Note. It's not SDE because I have a DLP. But it looks very similar.


----------



## elbodude (Jul 13, 2006)

Rommel said:


> anyone?


ME! My wife is PISSED!!


----------



## dude2 (May 28, 2006)

Picture quality really was bad on hdnet, hdnet movies, espn [email protected] rave. I called dish as I was watching the minnesota twins ballgame and it did not look any better than sd. The csr took all the facts off the 622 she could find and reported the poor pq to engineering. Will see if anything happens with pq.


----------



## Rommel (Aug 28, 2006)

I knew I wasn't imagining things when I noticed the PQ infact did decrease. A few on my friends said the same aswell. I wonder what Dish is doing to correct this.


----------



## datbeme (May 17, 2006)

Rommel said:


> I knew I wasn't imagining things when I noticed the PQ infact did decrease. A few on my friends said the same aswell. I wonder what Dish is doing to correct this.


Regarding the decreased PQ on HDNet and other HD channels. I also noticed this last friday on 10-06-2006. At first I thought i was seeing things, I had my wife look and she didn't even think it was on a HD channel.
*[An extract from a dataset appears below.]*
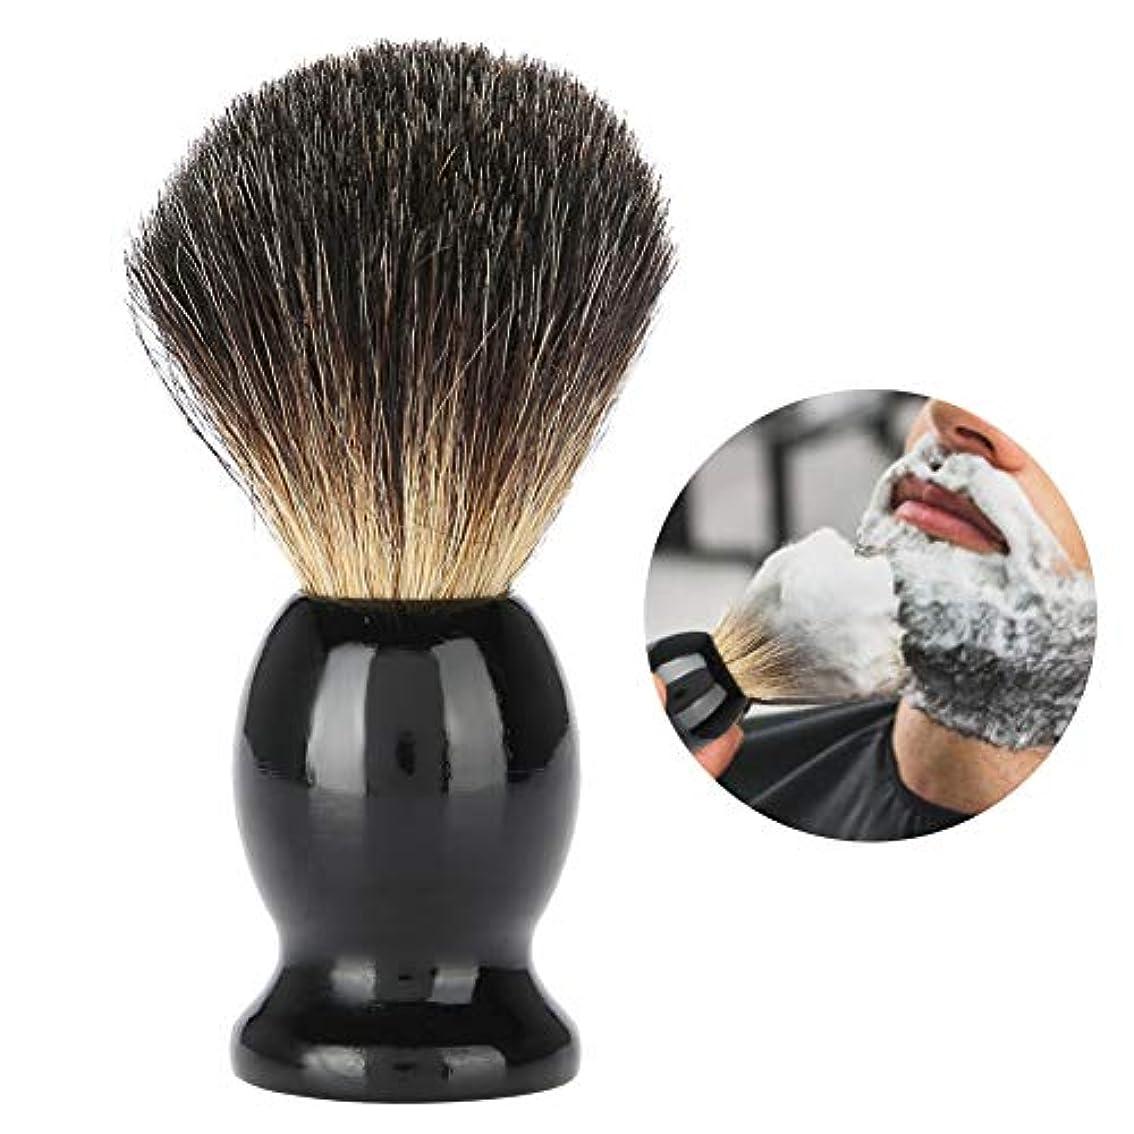 Yuyteポータブル男性ウッドハンドル髭剃りブラシ理髪店サロンツール

I then spent the remainder of the evening going through all of the 622 and tv settings looking for the cause. I had no clue there was a software change until I read this.


----------



## normang (Nov 14, 2002)

Haven't seen any decrease in PQ on my 622..


----------



## Ron Barry (Dec 10, 2002)

I have not noticed a PQ decrease either. Usually I am very intune and notice these types of things. 

Have to wonder over to HDNet more and see if I feel a difference.


----------



## Rommel (Aug 28, 2006)

Does anyone know if any HD channels changed anything? Decrease bandwidth somehow?
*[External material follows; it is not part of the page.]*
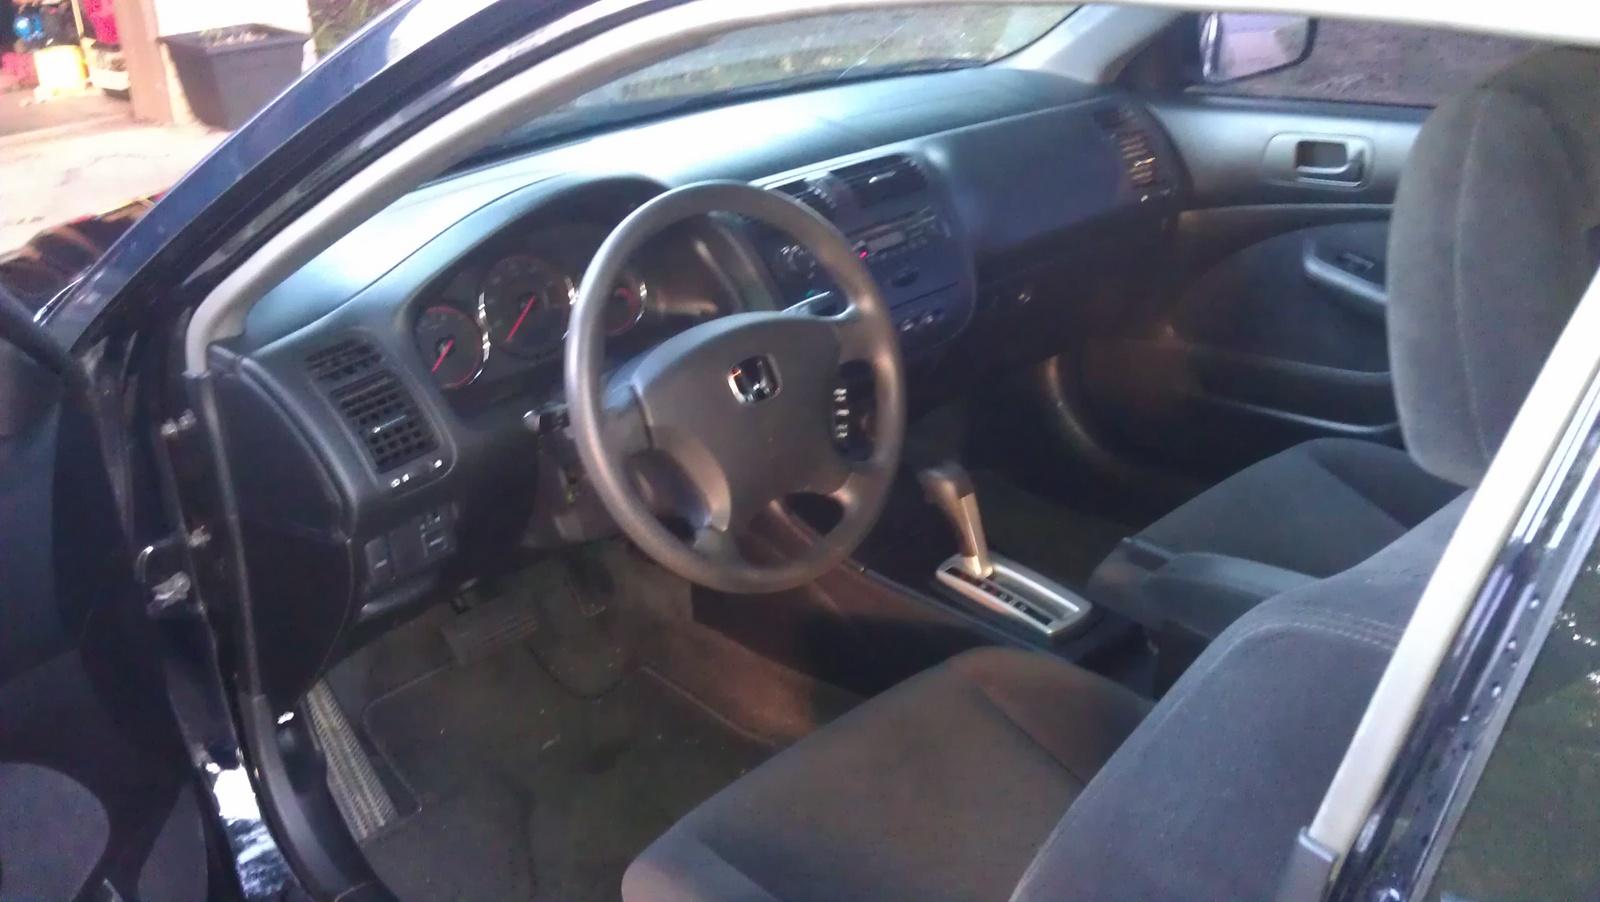 Honda Civic Lx Pic

I still have the same problems i mentioned on the original post. I will contact Dish and hopefully they have some kind of answer. I'm thinking if it's a signal thing but I checked and my signal strength has not changed. It can't be the weather because there's no rain or fog here. 

Has anyone contacted Dish?


----------



## Ron Barry (Dec 10, 2002)

What are the specific channels? I will take a look tonight to see if I can see the issues you are talking about. What you posts on top of this thread is more of an artifact then an overall PQ issue. Are you still getting that? if so How often.
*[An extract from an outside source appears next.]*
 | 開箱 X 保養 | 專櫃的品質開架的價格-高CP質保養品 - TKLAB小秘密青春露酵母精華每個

The only time I see excessive shimmering is when I have my TV set to Vivid. If this is across all HD channels, Might want to make sure your TV did not get changed to something like vivid. It does happen.


----------



## lujan (Feb 10, 2004)

Ron Barry said:


> What are the specific channels? I will take a look tonight to see if I can see the issues you are talking about. What you posts on top of this thread is more of an artifact then an overall PQ issue. Are you still getting that? if so How often.
> 
> The only time I see excessive shimmering is when I have my TV set to Vivid. If this is across all HD channels, Might want to make sure your TV did not get changed to something like vivid. It does happen.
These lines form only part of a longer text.